COLUMN #83 Nothing is Permanent

Topic: ColumnWritten by Saburo Tanaka
2023/3/31
Nothing is Permanent

休みの日には古い酒場を訪れる。馬鹿の一つ覚えのように。イカしたシブい方面の酒場を目指して、世田谷区に住んでいるにも関わらず、JKが原宿に行くくらいの頻度でフラッと墨田区や江東区に繰り出す。

洒落たイタリアンや上質なナチュールワインにうつつを抜かすことなく、真摯にマグロや煮込みで瓶を呑り続けた甲斐あって、まわりの人間から酒場バカと認識されることに成功したいま、呑み屋についての質問を受けるようになった。その中でも、たびたび問われるのが1番好きな酒場だ。この世には数々の名店が存在する。僕のような戯けがそれに甲乙をつけるのは100万杯早いが、圧倒的に特別な酒場が1軒思い浮かぶ。

その酒場は台東区日本堤、労働者の街山谷にあった。1998年に刊行された酒場愛好家の手引書「下町酒場巡礼」の表紙を飾ったその酒場は名を「大林」といい、創業は戦後にまで遡る。

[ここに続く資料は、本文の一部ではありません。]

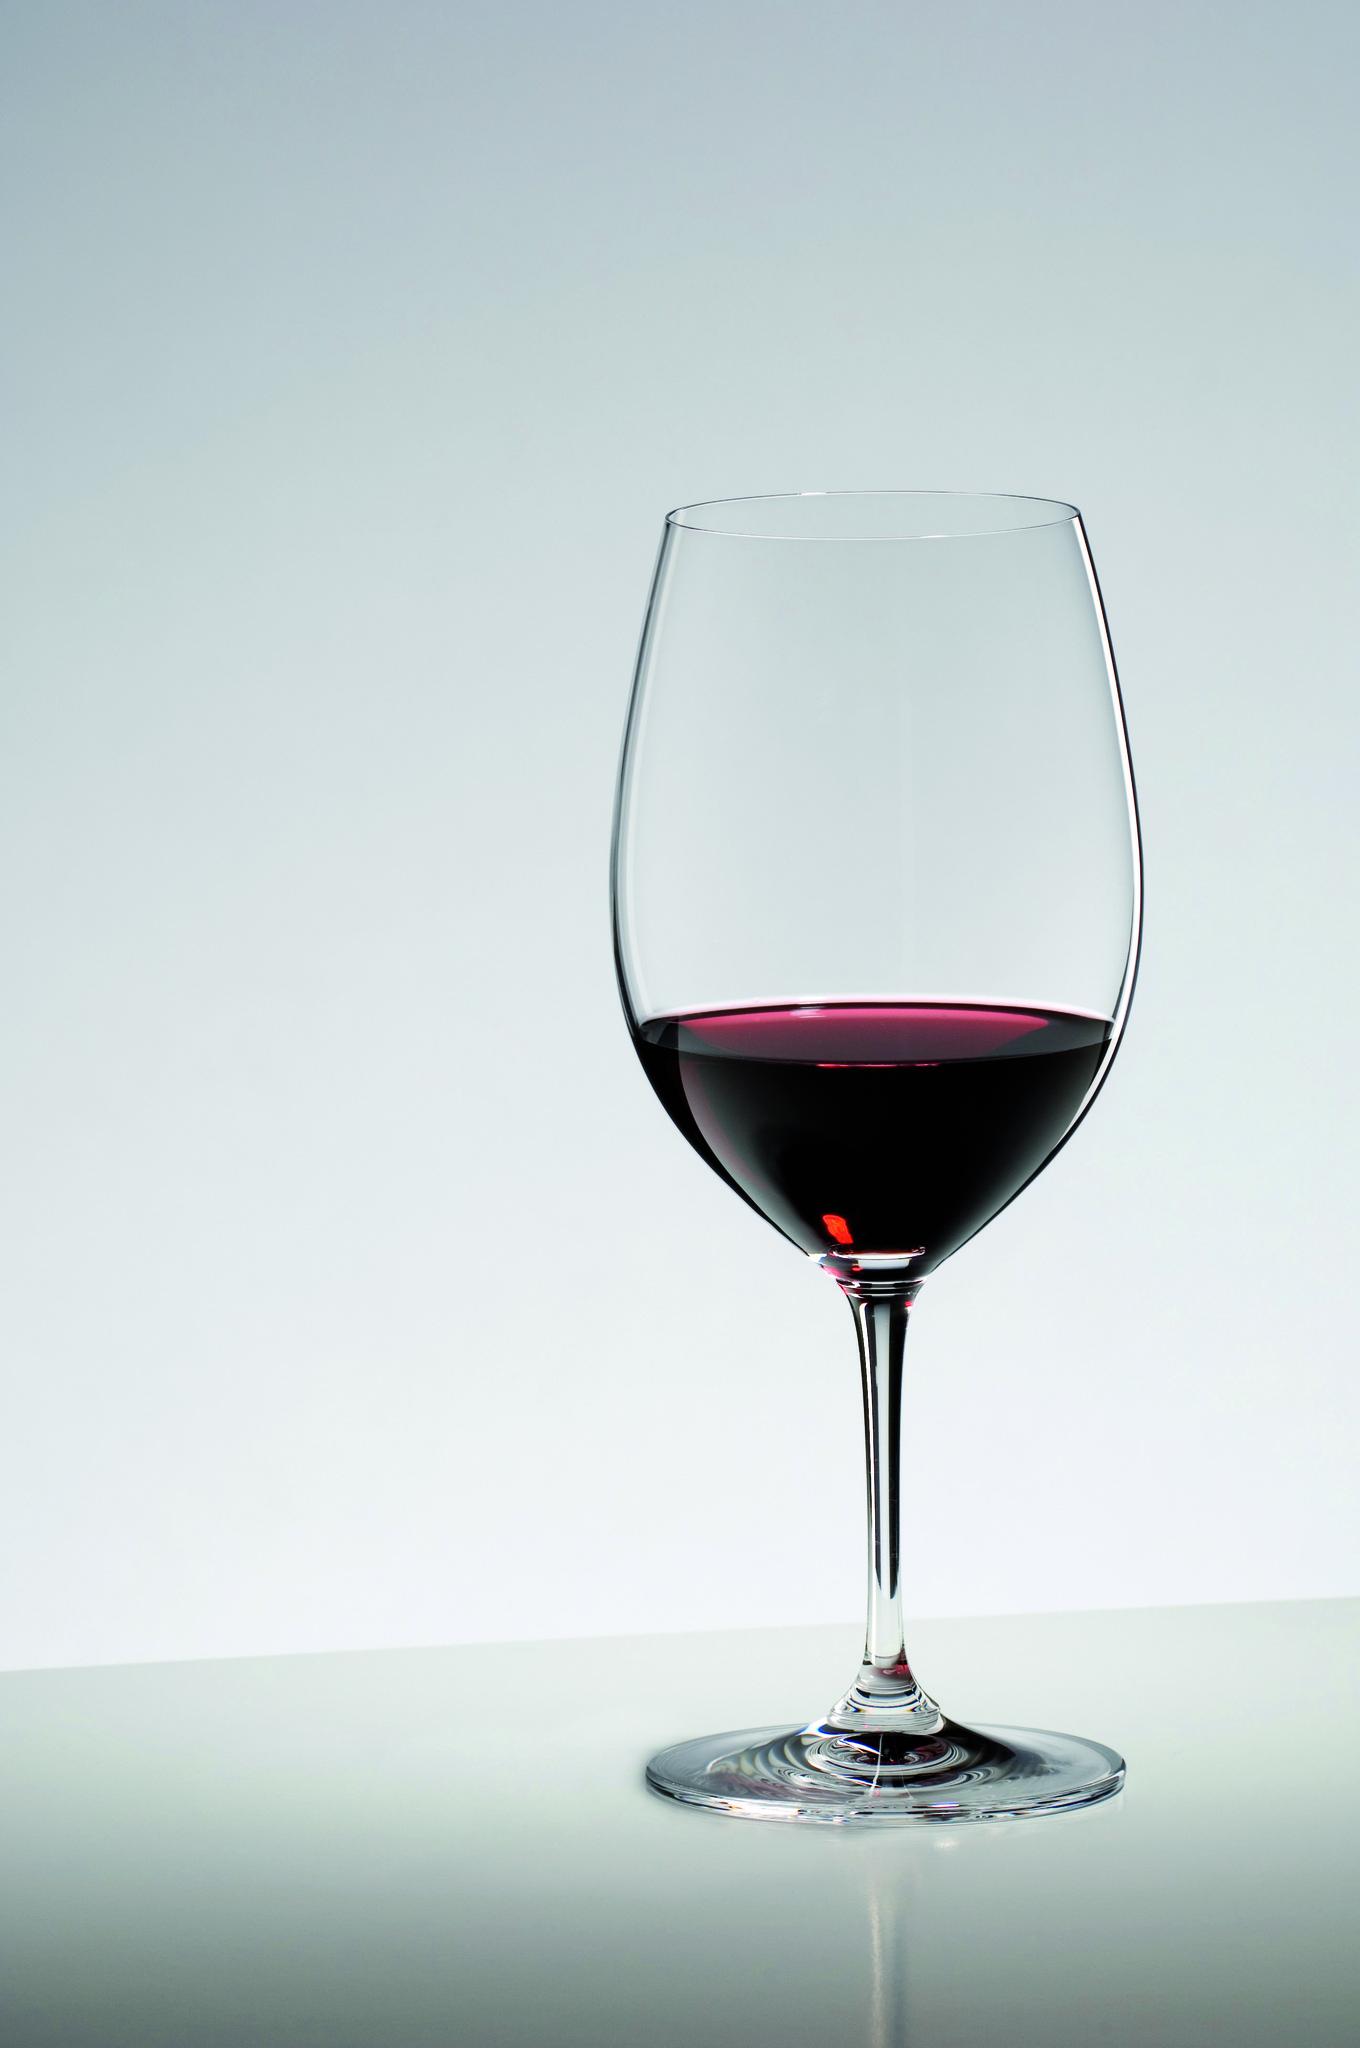 Бокалы Набор бокалов для красного вина 2шт 610мл Riedel Vinum Bordeaux nabor-bokalov-dlya-krasnogo-vina-2-sht-610-ml-riedel-vinum-bordeaux-avstriya.jpg

しばしば古典酒場には独自のルールがあるが、大林のそれはローカルルールなどという生ぬるいものではない。2軒目以降の入店禁止、団体の入店禁止、店内写真撮影禁止、スマホを出すことさえ禁止、コロナ禍にあってもマスク着用禁止。静かなる飲食以外はだいたい禁止だ。大林の暖簾をくぐりたければこれらを遵守するのみ。その場を支配する店主に認められなければ、例えそれがトム・クルーズであっても退店を命じられる。

僕個人としては、数々の呑み手から語り継がれてきたその存在は随分と前から知ってはいたが、黒帯は巻けないまでも手前の茶帯に年季と呼べるものがいくらか入るまでは訪問すべきでないと考えていた。そして僕が初めて大林を訪れることができたのは、その帯にほのかに味が出てきたことを感じた昨年の秋であった。

南千住駅から一本道を10分ほど歩くと、いぶし銀のオーラを放った木造建築が姿を現した。シブさを煮しめたような木製の引き戸を開けた時の感覚はこれまでの何とも比較ができない。打ちっぱなしの床にはちりひとつ落ちておらず、ヴィンテージの日本刀のように隅々まで磨き上げられている。高い格子天井と使い込まれた無垢板のカウンター、その奥には高齢には見えるが圧倒的な存在感の大黒柱が口を真一文字に結んで立っていた。おそらく常連であろう数人の先客たちは静かに杯を傾けている。店側が作り出す空気感に客たちが呼応し、そこにしかあり得ない空間をつくり出す。乾燥した肌が痛みを感じるほどピンと張り巡らされた静寂と清潔と緊張。僕自身勉強させてもらうつもりで、その風情に身を預けてただただ静かに呑んだ。

本物の酒場に美味しい安いは軽すぎる。一見すると厳しすぎる制約たちは、当たり前に酒を酒として呑める場でありたいという店主の願いから派生した枝葉のようなものなのかもしれない。心穏やかに酒と向き合い、一切の喧騒から離れゆったりと流れる極上の空気に身を浸す。この令和の世にあってそんな至福のときを愉しめたことに感謝と尊敬の念を抱くほかなかった。このような場所は他にはない。

その酒場は台東区日本堤、労働者の街山谷にあった。2022年の年末、最終営業日を終え、寡黙な店主はほとんど誰にも告げることなく「永い間ありがとうございました。」と書いた張り紙だけを残しひっそりと店を畳んだ。風のうわさによるとどうやら体が悪かったらしい。初訪問を果たしたすぐ翌月に再訪問することはできたが、3度目の訪問は決して敵わないこととなった。

短い間でしたが、ありがとうございました。本当にお疲れ様でした。

春は出会いと別れの季節である。